Overdose (2 April 2005 in Nottinghamshire, Great Britain – 1 July 2015 in Germany) was a Hungarian Thoroughbred racehorse. During his career he was victorious in sixteen of his nineteen races.

Breeding
Overdose was English-bred and was sold at Tattersalls December Yearling Sales in November 2006 for just 2,000 guineas (£2,100). His sire was a miler called Starborough and he was out of Our Poppet (IRE) by Warning. He was a half-brother of three winners.

His owner, Zoltán Mikóczy purchased Overdose only by chance and has been quoted as saying "I just put my hand up for fun, I like excitement of the horse auctions. I thought no horse can go this cheap and surely somebody else would bid. He's short and I'd say kind of ugly, so of course nobody wanted him."

Racing career
Overdose had an unbeaten series of 14 races. In these races he won with a total of 116,5 lengths, which means 8,3 lengths per race in average.

He ran a new track record at his home track (Kincsem Park, Budapest, Hungary), for his first ever race (in which he was victorious with 18 lengths).

In 2008 he was named Wunderpferd (wonderhorse) in Germany, for winning German sprint races – including the Group 2 Goldene Peitsche – in such a dominant style.

He won a Group I race at Longchamp, but the race was declared void due to a non-opening gate. His time was only 0,1 second behind the track record of Habibti. He did not participate in the re-run at the end of the day, since his unbeaten record was at risk. Only a month later Overdose won a Group III race in Rome, with a dominating 10 lengths.

In the 2008 world thoroughbred rankings Overdose was among the top sprinters (4th at Timeform with a rating of 126, and 6th at IFHA with 120), despite he did not win a Group I race (at least not officially).

In 2009 Christophe Soumillon volunteered to ride the horse.  After his year opening race at Kincsem Park, Budapest, Overdose was called the Budapest Bullet in Britain, and appeared on the cover of the New York Times, which named him the "Hungarian Seabiscuit".

In mid-2009 one of his hooves became inflamed, which resulted in laminitis. This put the horse's whole career in danger. His recovery lasted for 15 months. Overdose returned in July 2010, with two victories in Bratislava and Budapest, growing his unbeaten record to 14 races.

Overdose lost his unbeaten record in his 15th race under disputed circumstances. In Germany, Baden-Baden, the starter waited eight minutes to get him into the startbox. During this time his rider Christophe Soumillon fell from his saddle thrice. This "procedure" resulted in a hopeless race for him. Although he led to 1000 meters, Overdose lost too much power when entering the startbox, therefore he was unable to keep the pace in the last furlong, and finished only seventh. Professionals says that the German starter was under great pressure, since Overdose's comeback was in the centre of the communication of the racetrack's actual festival (the Große Woche), and the stands were full, since everybody was keen to see Overdose. After this race the horse has suffered another, but minor injury, which resulted in the miss of the remaining of the season.

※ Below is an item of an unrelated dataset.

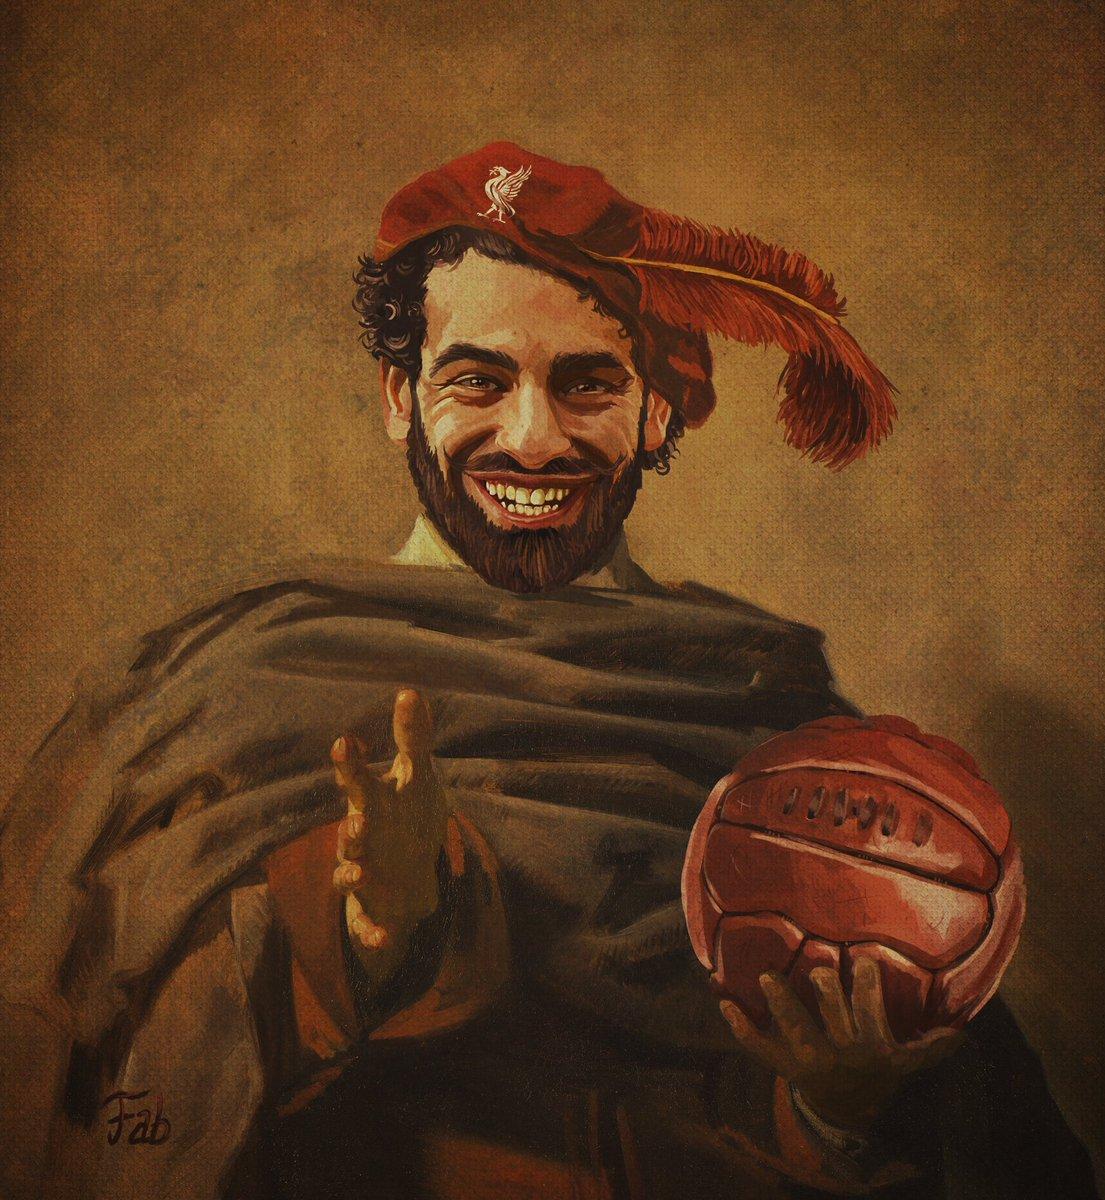 When art meets Football. Joyful Mo Salah after his hat trick, Unknown Rembrandt's school circa 1660. #momosalah #ynwa #lfc #egypt #footballart https://t.co/psIarEZkFR
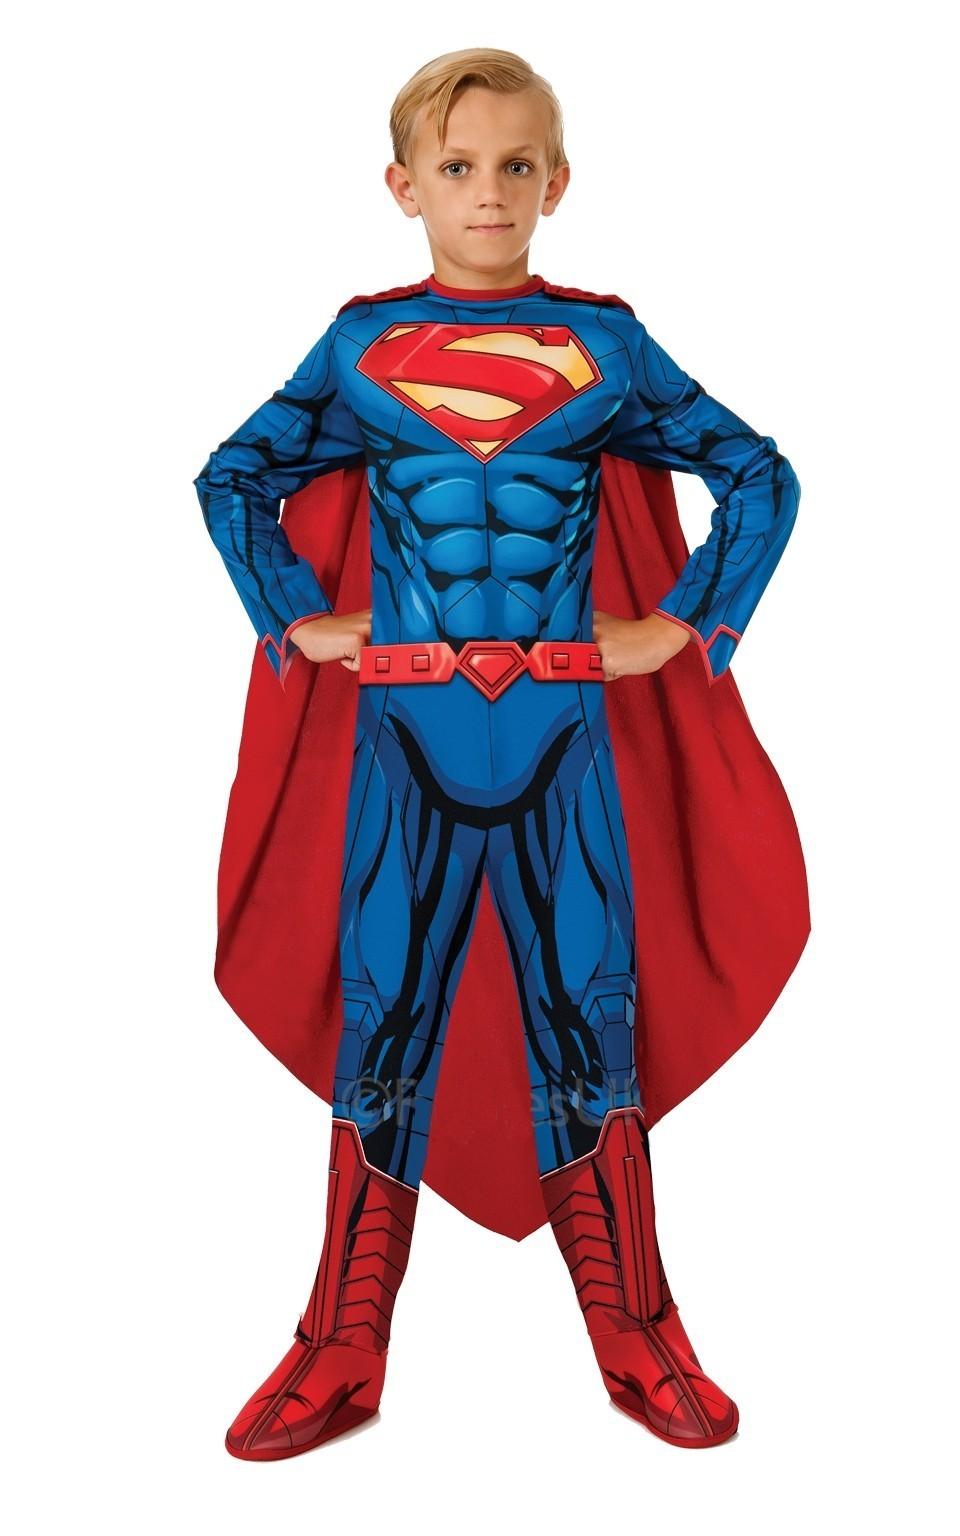 Детский костюм Супермен (30) детский костюм озорного клоуна 34

In 2011 he started the season in Berlin, Germany, with a dominating victory, and ran a new track record. This was the season-opening raceday of the track, and there was a full house. After this great result Overdose was the favourite of all British bookmakers for both of his forthcoming races in the United Kingdom; the Temple Stakes and the King's Stand Stakes.

On the day of his long waited first race in Britain, Overdose appeared on the cover of four newspapers. Second time on Racing Post's cover that week (the first occasion has been his arrival to Britain). He was in the centre of the television broadcast as well. Unfortunately Overdose's travel took three days from Hungary to Britain, and the five days he spent in Britain before the race was not enough to regenerate. Maybe this was the reason why Overdose only placed seventh by four lengths behind the winner in the Group II Temple Stakes. But the team knew, there is more in him, therefore they have stayed in Britain, to prepare him for the Royal Ascot. After the Haydock race Overdose was able to regenerate during the remaining three weeks to his Royal Ascot race. He was not a favourite anymore. He started in the Group I King's Stand Stakes on the lead, and ran head to head with the Hong Kong superstar Sweet Sanette in the forthcoming furlongs. In the end Overdose finished fourth, only a length away from the winner, and a neck away from Sweet Sanette. The remaining horses were more than two lengths away from the winning four. After the race the officials of the Ascot Racecourse said that they had never seen a horse performing in such a high level after suffering laminitis.

Another minor injury resulted in the horse's missing of almost all races of the autumn season, and Overdose was able to race again in November only; the second time in Rome, and for the first time with Frankie Dettori. This time Overdose won with only a half length, but he was spared, Dettori did not ask for more from him.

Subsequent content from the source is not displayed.